# The Dog Nut - The Simpsons Co-creator's Rescue



## Curbside Prophet (Apr 28, 2006)

"The Simpsons" co-creator Sam Simon spends a fortune of his own money helping stray dogs to a better life. He talks to 60 Minutes about his dog shelter and the show that makes it possible.


----------



## iwantmypup (Jan 6, 2007)

Oh wow that is amazing. That is really great of him. I feel horrible that I can't see the video now . But I will as soon as I wake up tomorrow morning . 
Ugh testing...

Anyways,... I love The Simpsons so I think its really great someone is doing that. ! Thanks for sharing!


----------



## Ennui (Apr 26, 2007)

What a wonderful man! I really enjoyed the video and had no idea this existed. The free spaying and neutering bus is such a gift to the area.
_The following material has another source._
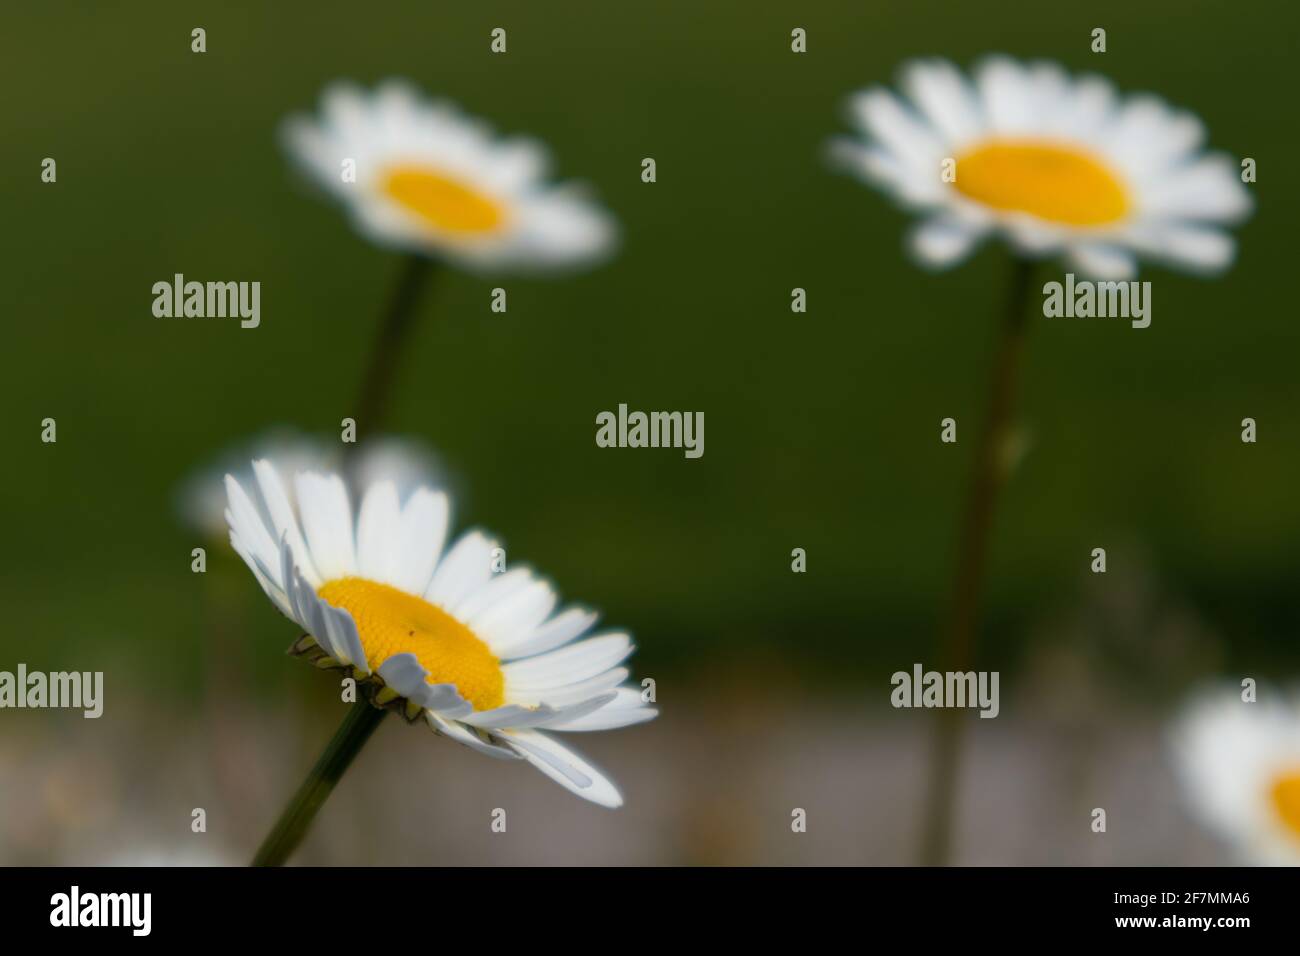 White daisy flower in green background, Italy  Stock Photo

I believe Doris Day (old movie actress for you young'uns) has built a home for dogs, too. It certainly doesn't rival Sam Simon's but it's so nice of them to do.


----------



## sillylilykitty (Mar 11, 2007)

I love the Simpsons, in fact I am watching it right now (its become a routine now, watch tv and be on the forum at the same time  ). That is awesome, if only more famous people did that.


----------



## Lightwingcreations (May 7, 2007)

Wow, what a sap I am, I started crying while watching. It makes me so happy to see wealthy/rich people pay it forward in some way. My ultimate dream is that I win the lotterly (big jackpot) and use all that money to help the wellfare of animals as well as people around the world. Like I said, what a sap I am.


----------



## SunSiberians (May 7, 2007)

WOW. He's amazing. Thank you Mr. Sam Simon! 
Hopefully one day, with my little fortune (I hope to make, lol) I'll be able to do the same for our dog friends.


----------



## jatt559 (Jul 7, 2007)

Aye caramba! Love it haha. Awesome lucky dogs =]

Hes a good guy!


----------



## gizmobaby (Apr 30, 2007)

aw! now this makes me want to watch the simpsons the movie even more!  i had to watch that video twice...breathtaking.


----------



## Inga (Jun 16, 2007)

What a fabulous guy! I am so happy to see someone with wealth doing something for those who are in need. Isn't that what it is all about? God must be smiling at Sam Simon. I know I am. Thanks for sharing that Curbside.


----------



## RonE (Feb 3, 2007)

I saw the 60 minutes episode a week or two ago. I'm sure it was a repeat.

He has a staff of trainers that go to the Southern California shelters and look for dogs that might be good helper dogs. Then they adopt them, train them and make them available to special needs people. So, both the dogs and the people get a new chance at a better life.

They talked to one of the trainers who said that the heartbreaking part of the process is the dogs they have to leave at the shelters. They can't take them all.

The foundation doesn't accept private donations. Every penny is funded by Simon himself. He hasn't been involved in The Simpsons for ten years, but he gets a cut of every episode aired, every product sold and - no doubt - the current feature-length film.


----------